The new issue here is that LLMs can “organically” change informations while asked to translate. When a classic autotranslate changes the information, it often (not always) leaves a notable mess in the grammar. LLMs will insert their errors much more cleanly. This is acknowledged by both texts and, well, texts will change if that becomes a reocurring issue.
AI isn’t altering databases or knowledge. AI is telling the writer there’s a better way to do this, and the writer has to explicitly change their wording.
You only know to look at a dictionary for alternative wordings if you know there’s a problem. How do you know there’s a problem?
If you ask someone else what if that same someone else uses your regional dialect and not the one that has problems? Your average writer can review every single word used in the dictionary for every single article they edit. But AI can, and that’s something it’s actually good at. You may only know 5 Spanish speakers, but AI knows everything it was trained on.
Just for more clarity: they workshoped for ideas on how to improve clarity and accessibility from some editors at an event. They did some small experiments, and they then developed a plan to trial some of them and presented the plan to a wider audience for feedback. After they got feedback they decided not to.

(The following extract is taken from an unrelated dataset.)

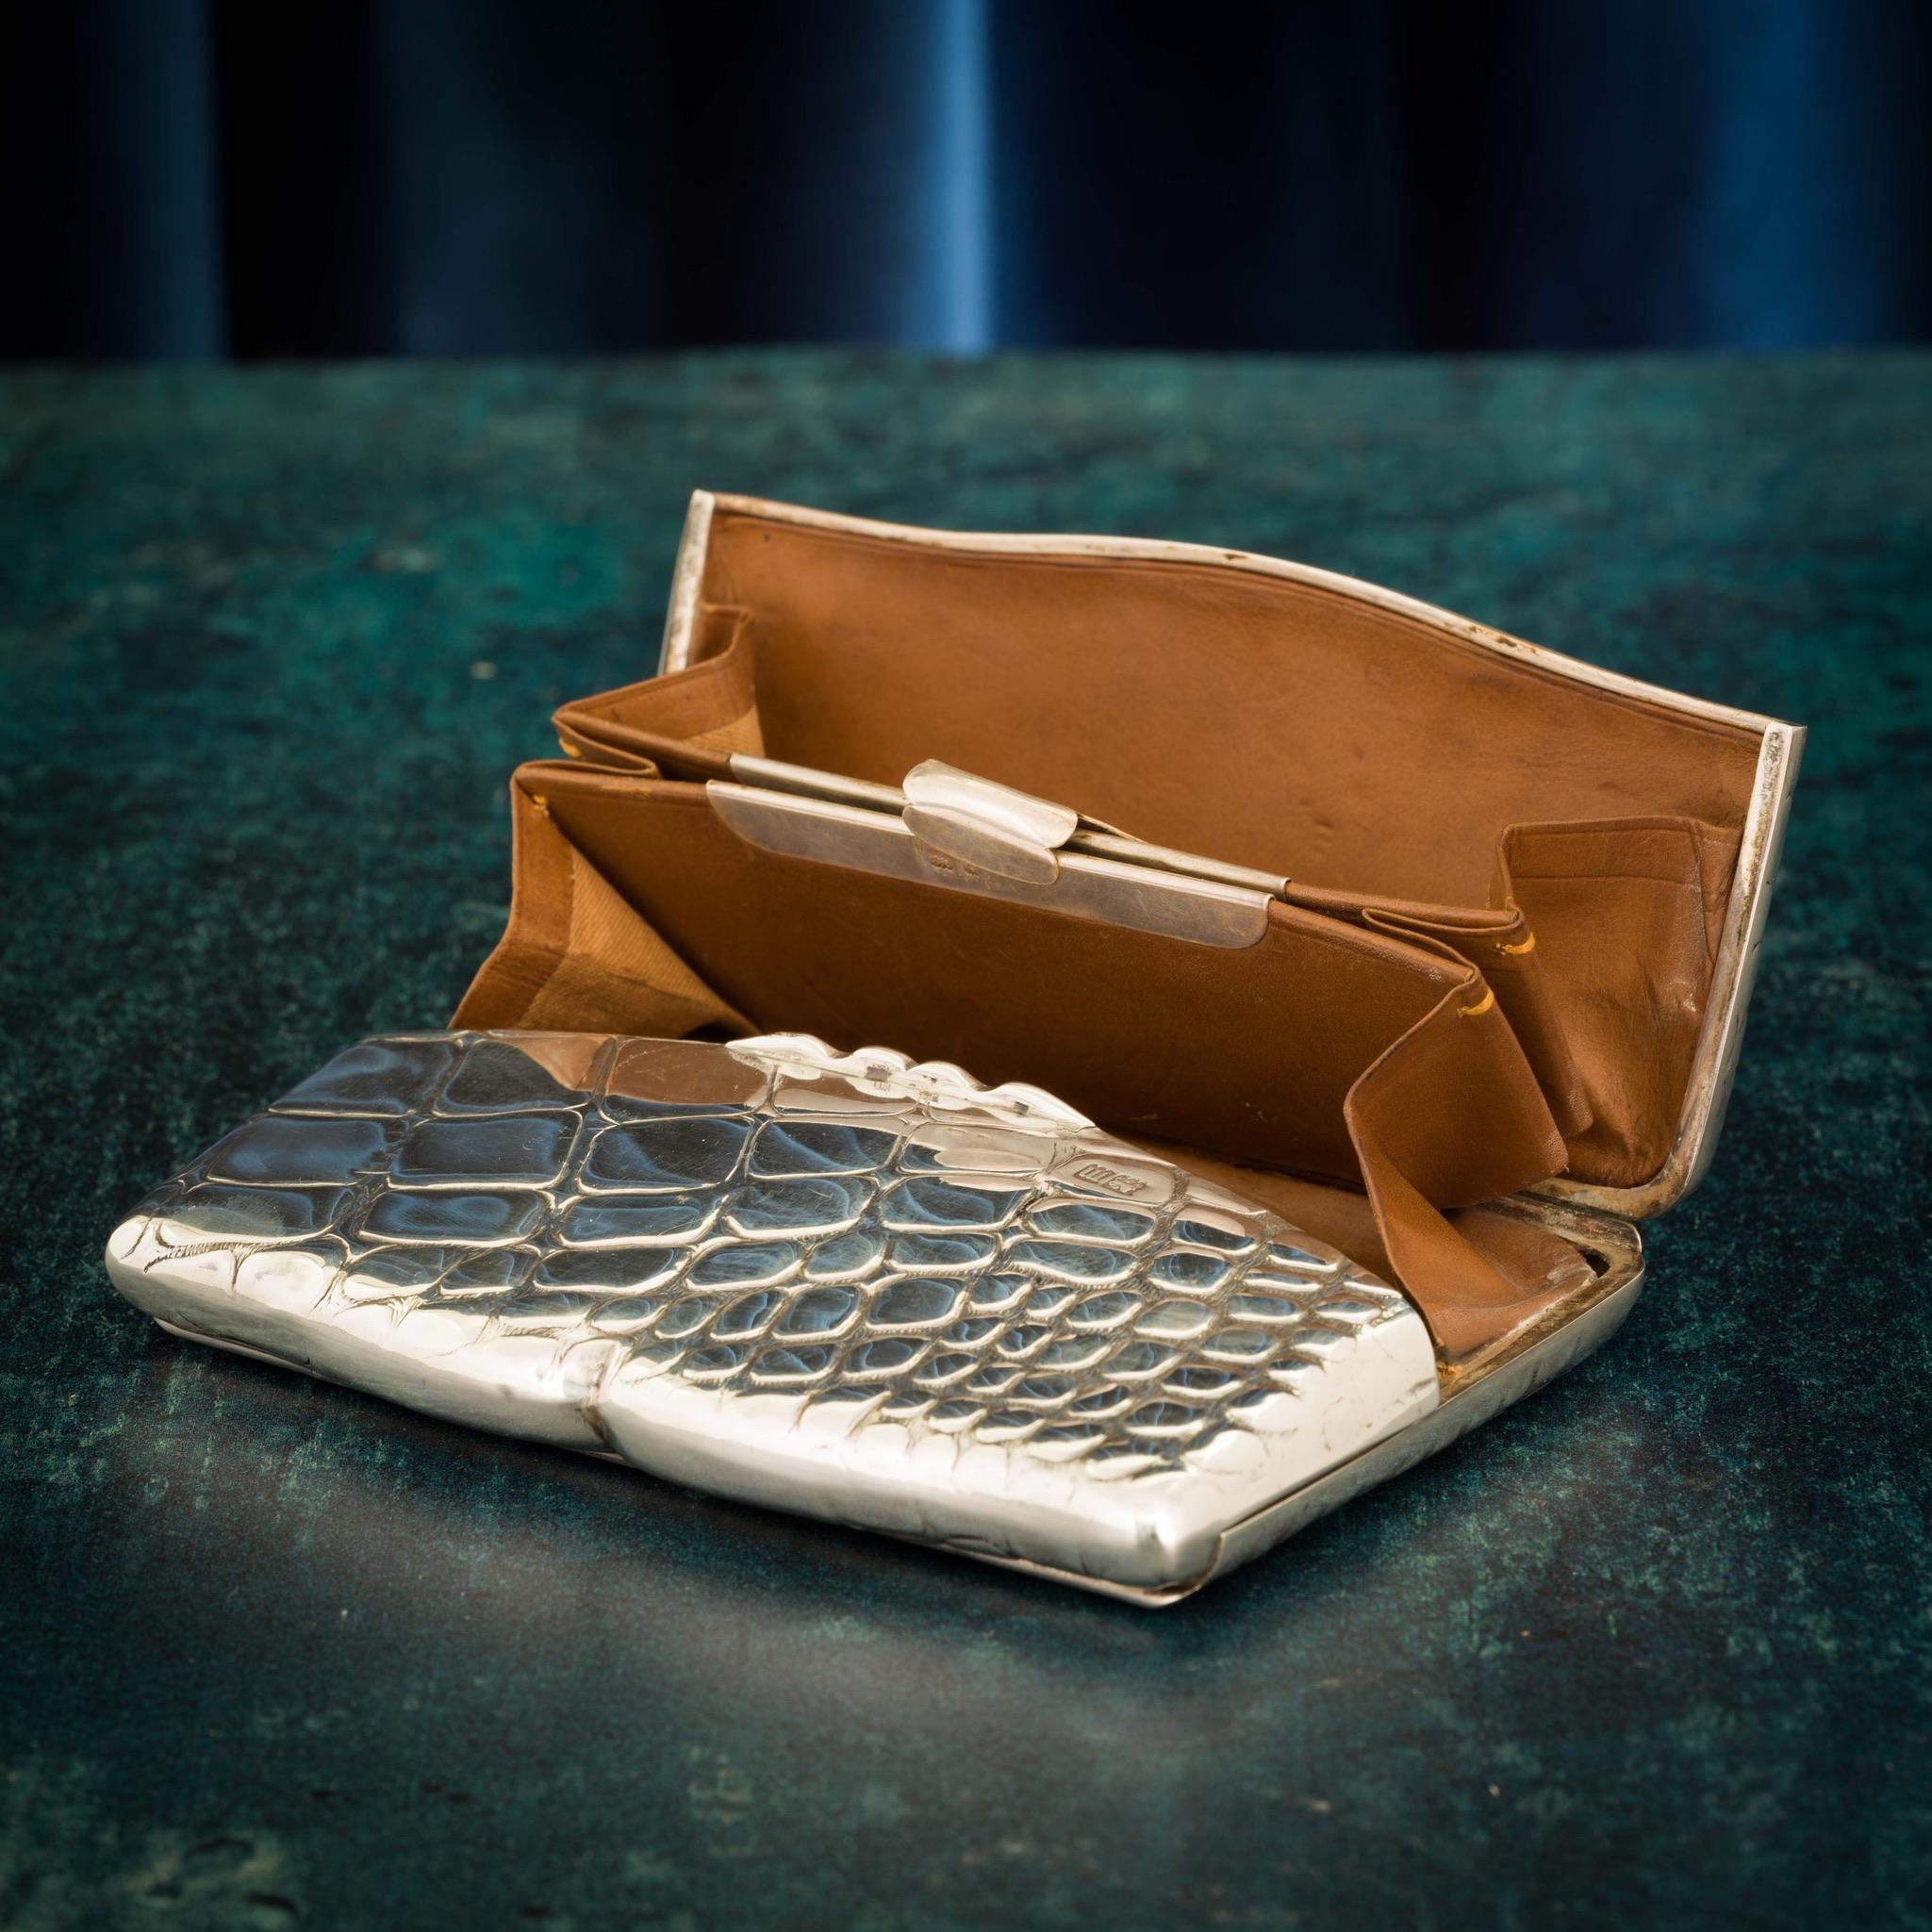 A spectacular silver coin purse and card case hallmarked London 1907, with a crocodile skin pattern realistically created in the silver. Maker's mark for Sampson Mordan & Co and stamped with Registered Design Number.

Dimensions: 10.5 cm/4⅛ inches x

It’s not quite the editors pushing back on Wikipedia. Or rather, it’s not the “rebellion” people want to make it out to be.
mediawiki.org/…/Wikimania_2024,_"Written_by_AI"_H…
www.mediawiki.org/…/Simple_Article_Summaries
It rubs me the wrong way when the process going how it should go gets cast as controversial and dramatic. Asking the community if you should do something and listening to them is how it’s supposed to go. It’s not resistance, it’s all of them being on the same team and talking.